布をかけたテーブルに熱気を閉じ込め、その中で暖まるという文化は世界中に存在する。イランでは、「こたつみかん」のように果物を乗せるのだそうだ。
もっぱら「ザクロ」を載せる
東京から7000キロ以上離れたイラン。首都の緯度が日本とほぼ同じこの国の家には、「コルシ」という名の「こたつ」がある。
電熱器がはめ込まれたテーブルの上に色鮮やかな布をかけ、熱気を閉じ込める。冬になるとそこに家族が足を入れ、暖を取る。
ネット上では、コルシらしきものを囲んで食事を楽しむ人々の写真も数多く公開されている。まるで、こたつに入りながら鍋をつつく日本人の家族のようだ。2016年も冬に入ってから、コルシを写真つきで紹介する日本語ツイートが複数出回るなど、一定の関心を集めている。
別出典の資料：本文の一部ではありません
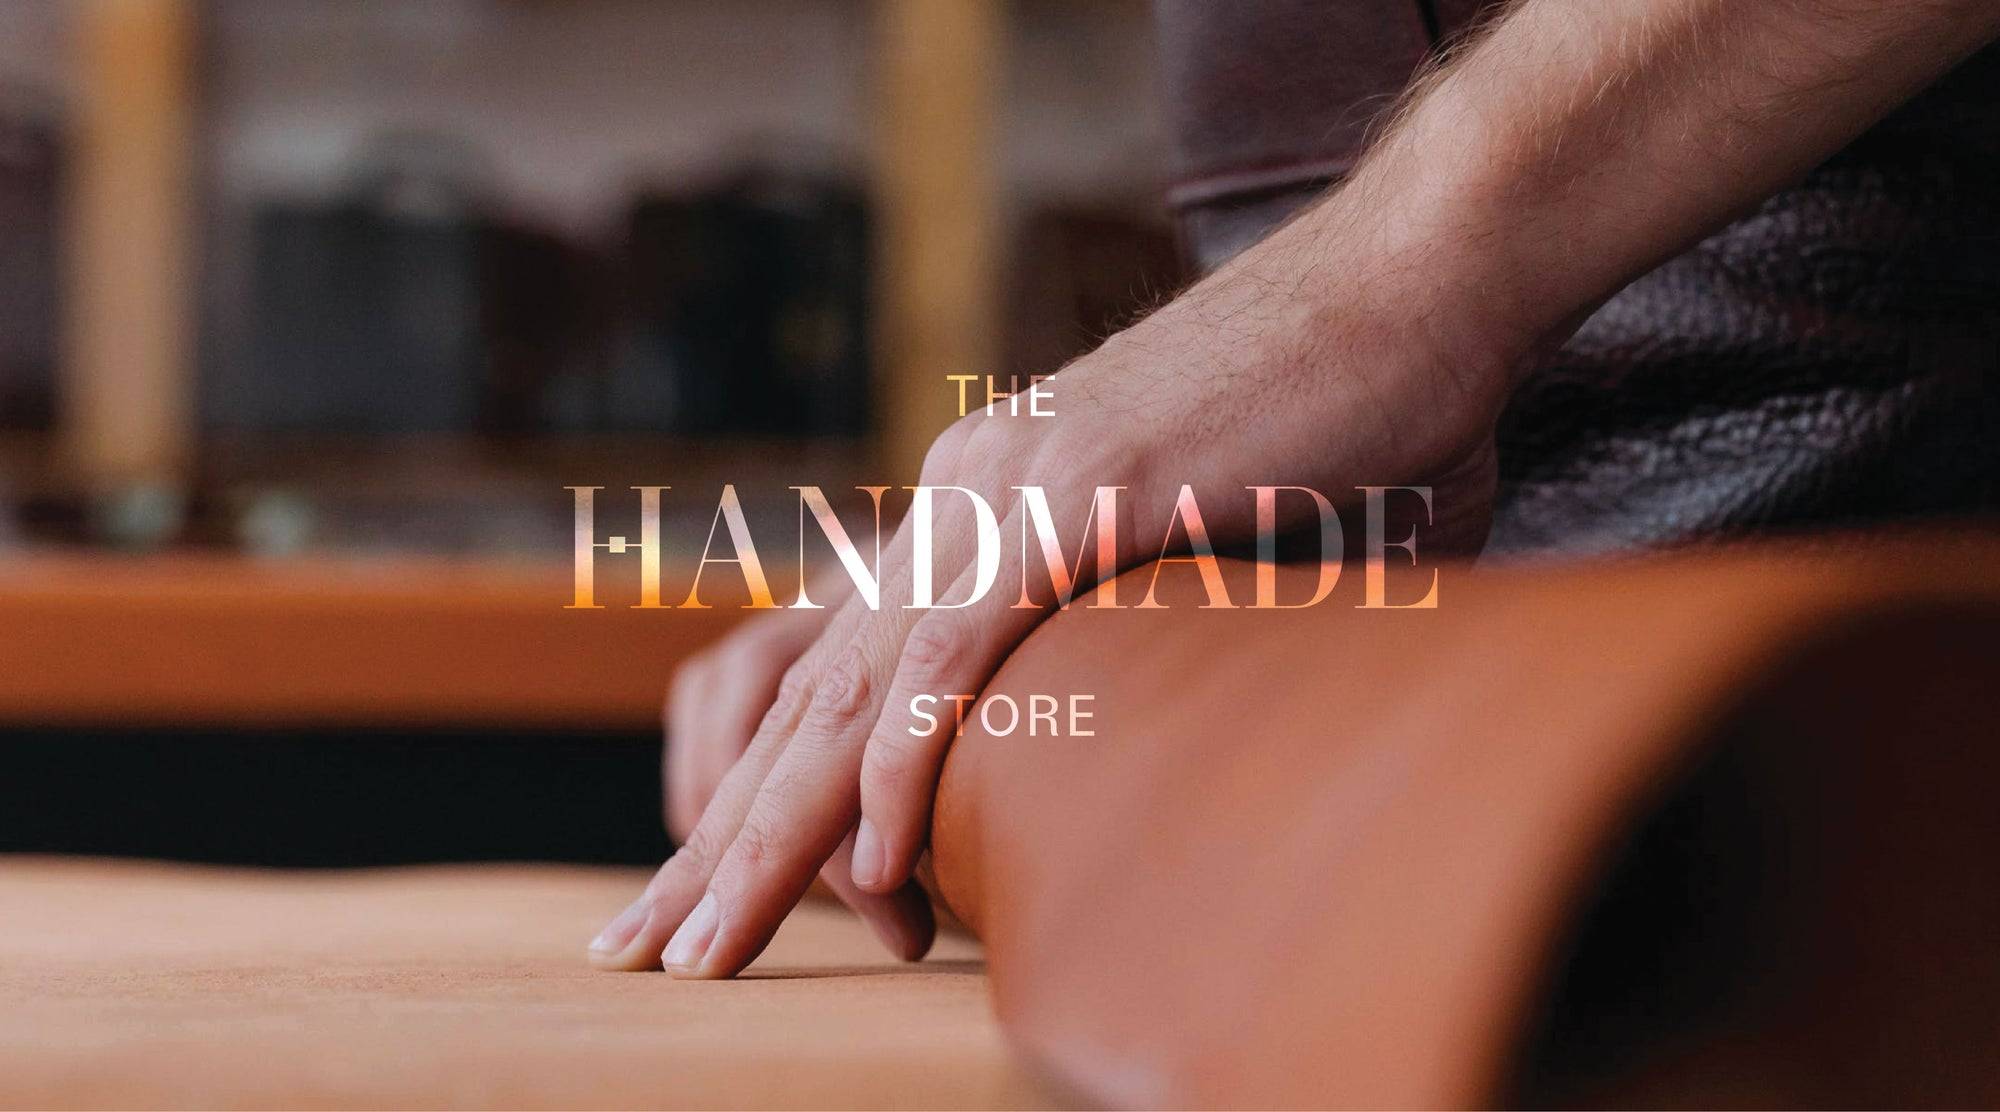 The Handmade Store

また、「こたつみかん」のようにコルシの上に果物を乗せることもあるらしい。イラン出身のタレント、サヘル・ローズさんは14年2月7日放送のバラエティ番組「ネプ&イモトの世界番付」(日本テレビ系、すでに放送終了)で、コルシの話題に触れた際、もっぱらザクロを載せると話していた。
隣国アフガニスタンにも、こたつに似た「サンダリ」という暖房器具がある。アフガニスタンに駐在中だという日本のNGO職員の男性が、サンダリの使い方を09年のブログに書いている。
手足を暖めながら「今日の出来事やら、近所の人の話、知り合いのおっさんの失敗談やら」を話したり、入ったまま寝ると「次の日喉が痛くなったり、風邪をひいたり」。熱源は床に開いた穴で燃やした炭だそうで、外観はこたつとそっくりだ。
また、トルコにも「キュルス」、スペインにも「ブラセロ」と呼ばれる、同じような暖房器具がある。
16年11月のツイッターでは、日本では見かけない、イランのコタツグッズなどを紹介するつぶやきもあり、異国の「冬の風物詩」に思いを馳せているようだった。